25 April 2012

Amos Vogel, R.I.P.


One of the few people that single handedly made sure the American avant-garde always had a home has passed away.  In 1947 he created the first venue for such films to be showcased: Cinema 16.  In the 1960s he founded the Lincoln Center Film Department and was co-founder of the New York Film Festival.  From there going on to write the highly important and radical book Film as Subversive Art.

MUBI round-up here

Excerpt:
In retrospect, it's clear that Vogel was at once programmer and pedagogue; Cinema 16 folded for many reasons, but one was a revolt sparked by Vogel's refusal to program or distribute works he considered inferior, even by filmmakers he had supported in the past.

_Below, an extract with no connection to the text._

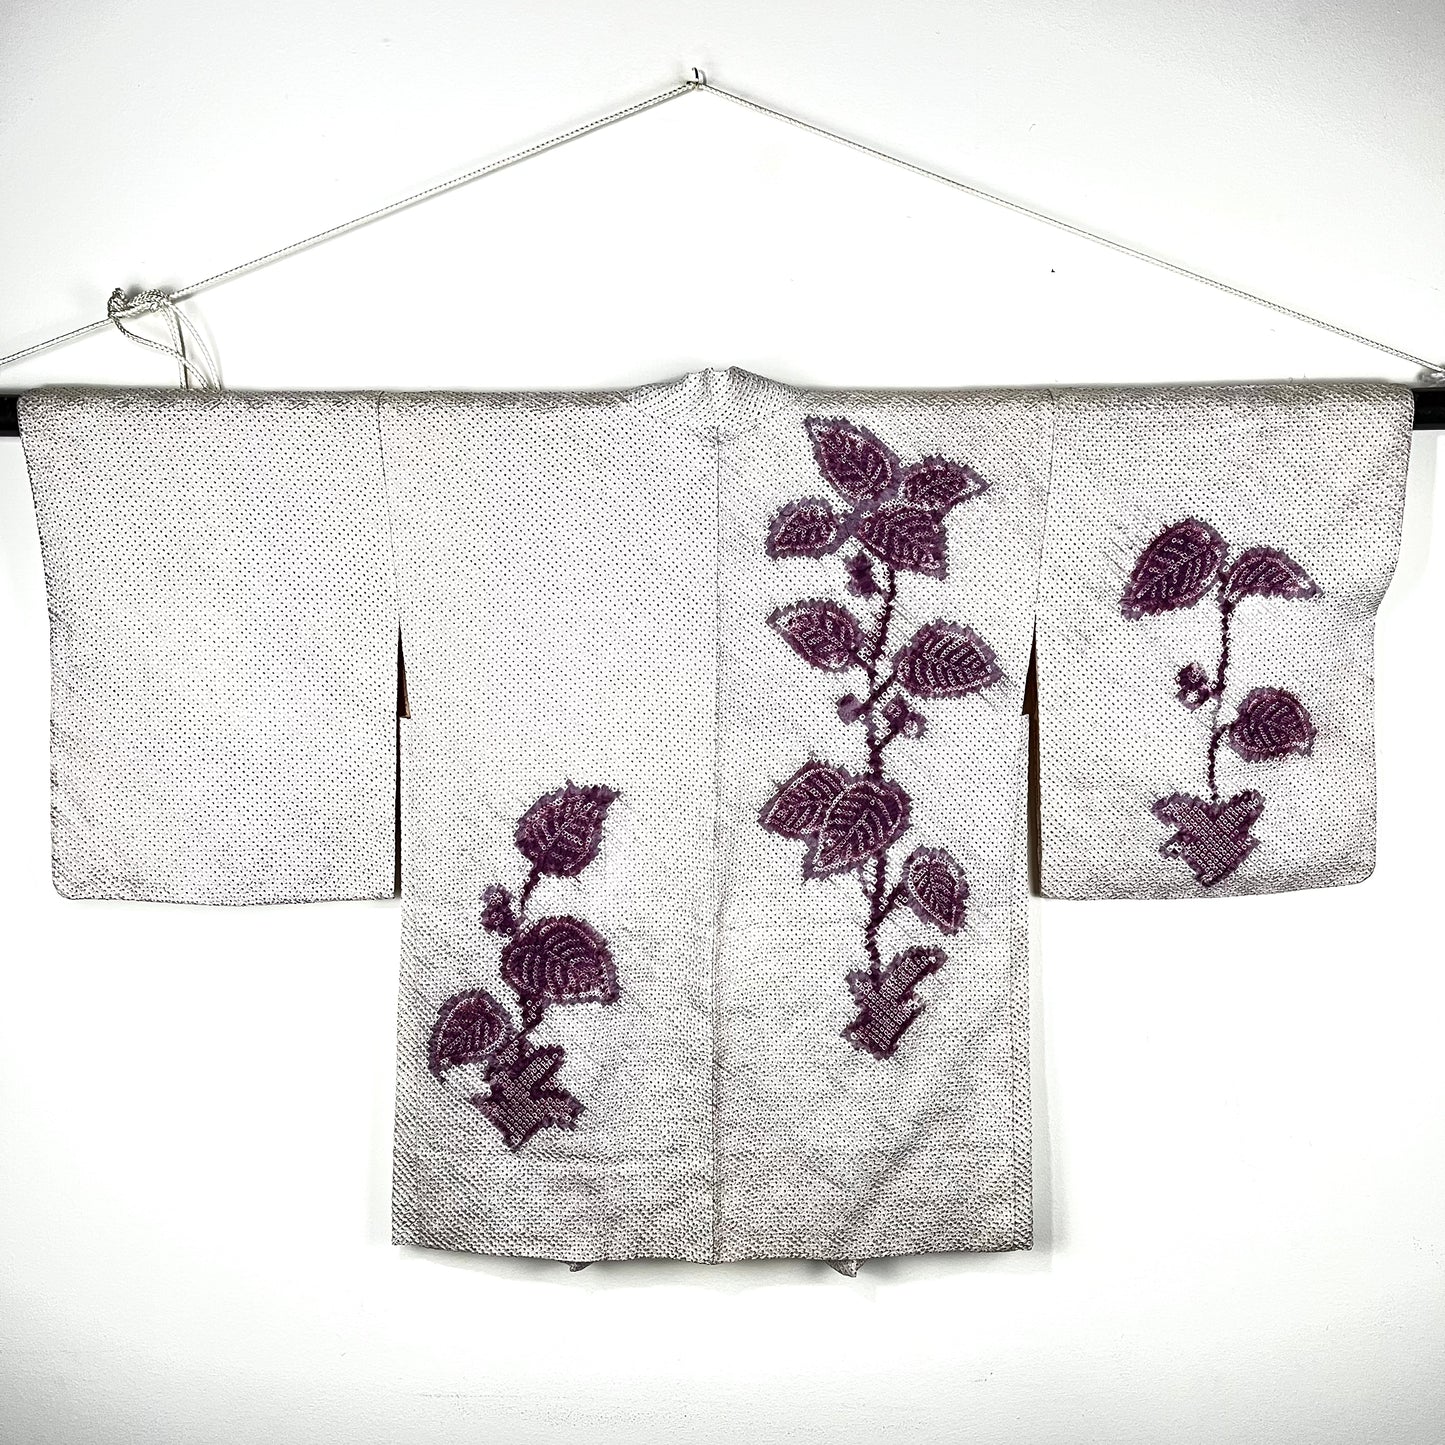 Vintage Japanese Silk Haori Coat in Shibori Tie-dye Style White & Purple 28"L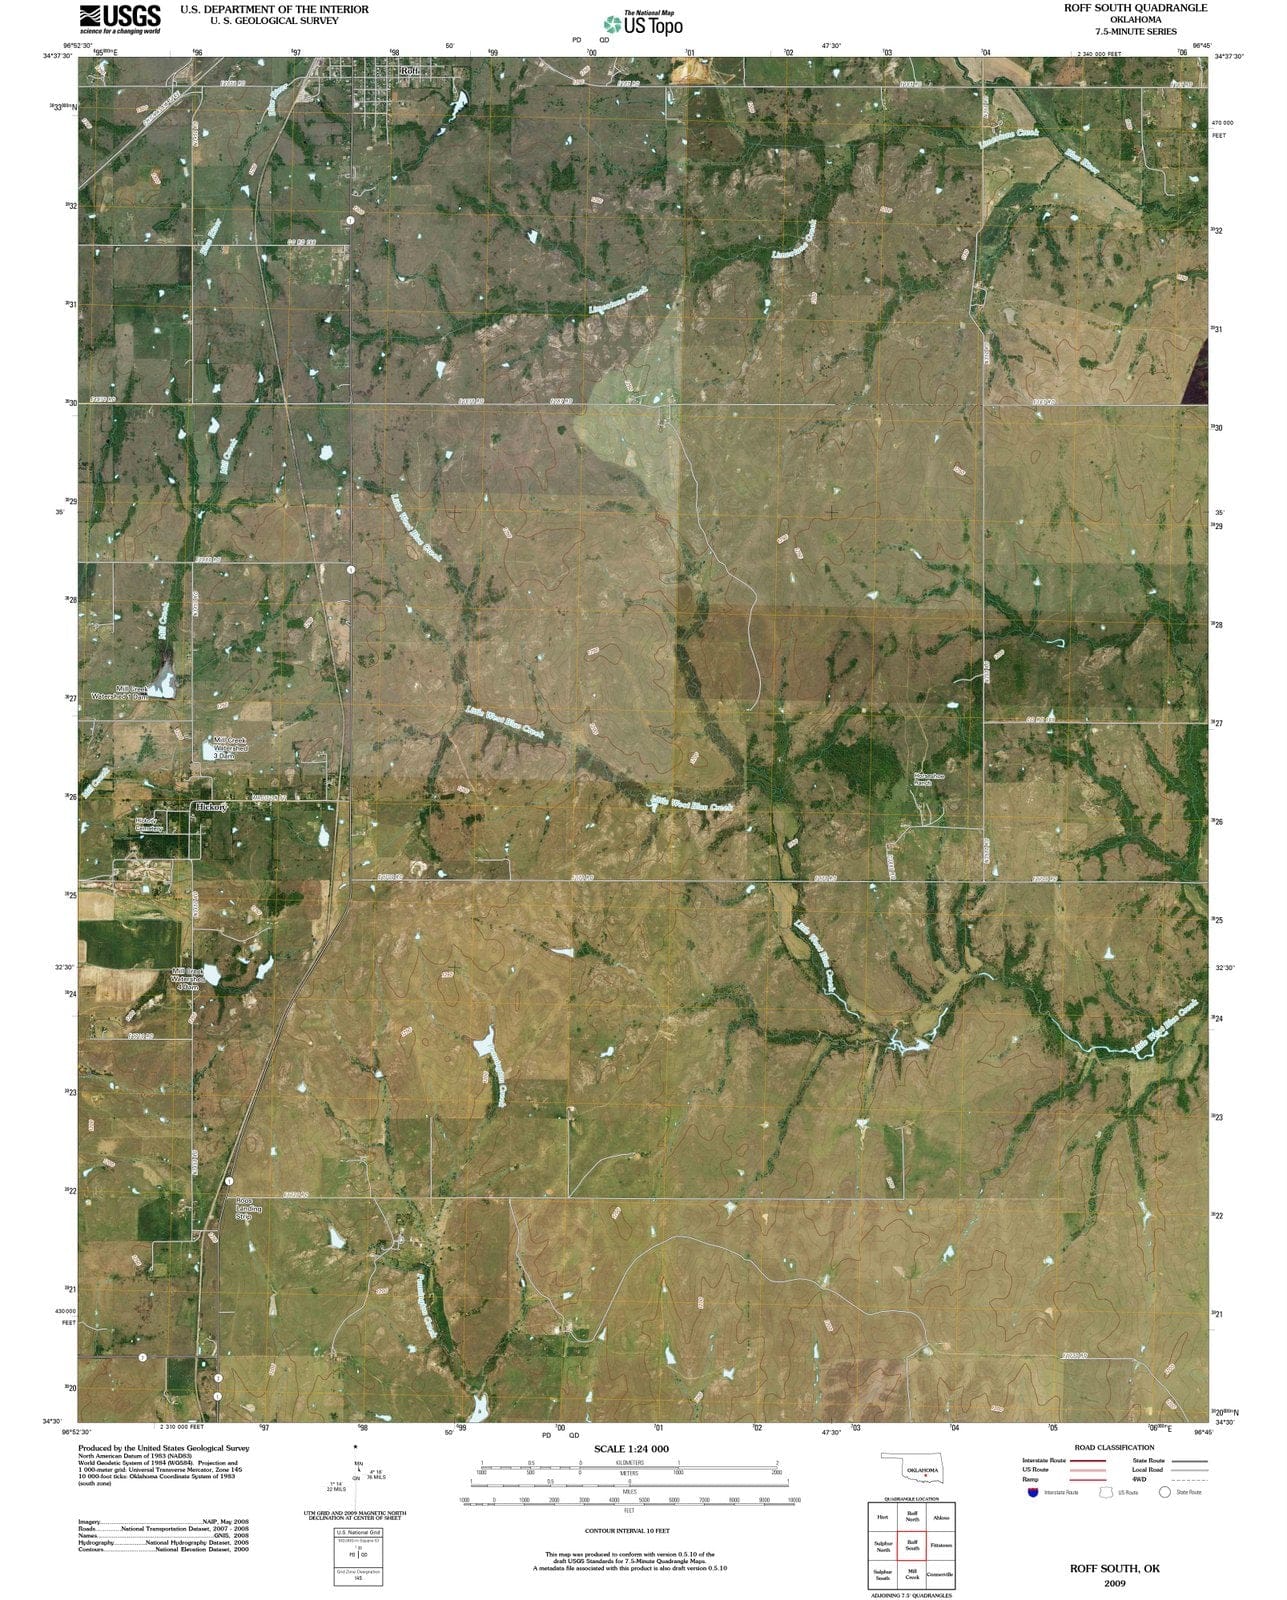 2009 Roff South, OK - Oklahoma - USGS Topographic Map

The abrasive approach reflected in the title of I-House's three-day tribute extended not just to Vogel's choice of films — which ran from the poetic slaughterhouse documentary Blood of the Beasts to the notorious Nazi propaganda film The Eternal Jew — but his programming style, which might find the latest in experimental film on a bill with a documentary about ants in equatorial South America. The idea was to produce conflict in the manner of Sergei Eisenstein's montage, forcing audiences to rethink their comfortable categorizations.
So it is, too, with Film as a Subversive Art, which eschews standard taxonomies in favor of provocative thematic clusters: A still from Robert Bresson's Pickpocket shares a spread with Buñuel's Belle de Jour and a Mae West clinch from She Done Him Wrong, all grouped under the heading, "Erotic and Pornographic Cinema." The lavishly illustrated book, which is as much fun to browse as is it to read, consistently throws up such surprising comparisons: Turn the page from the eye-slicing scene in Un Chien Andalou and you'll find King Kong's head starting back at you.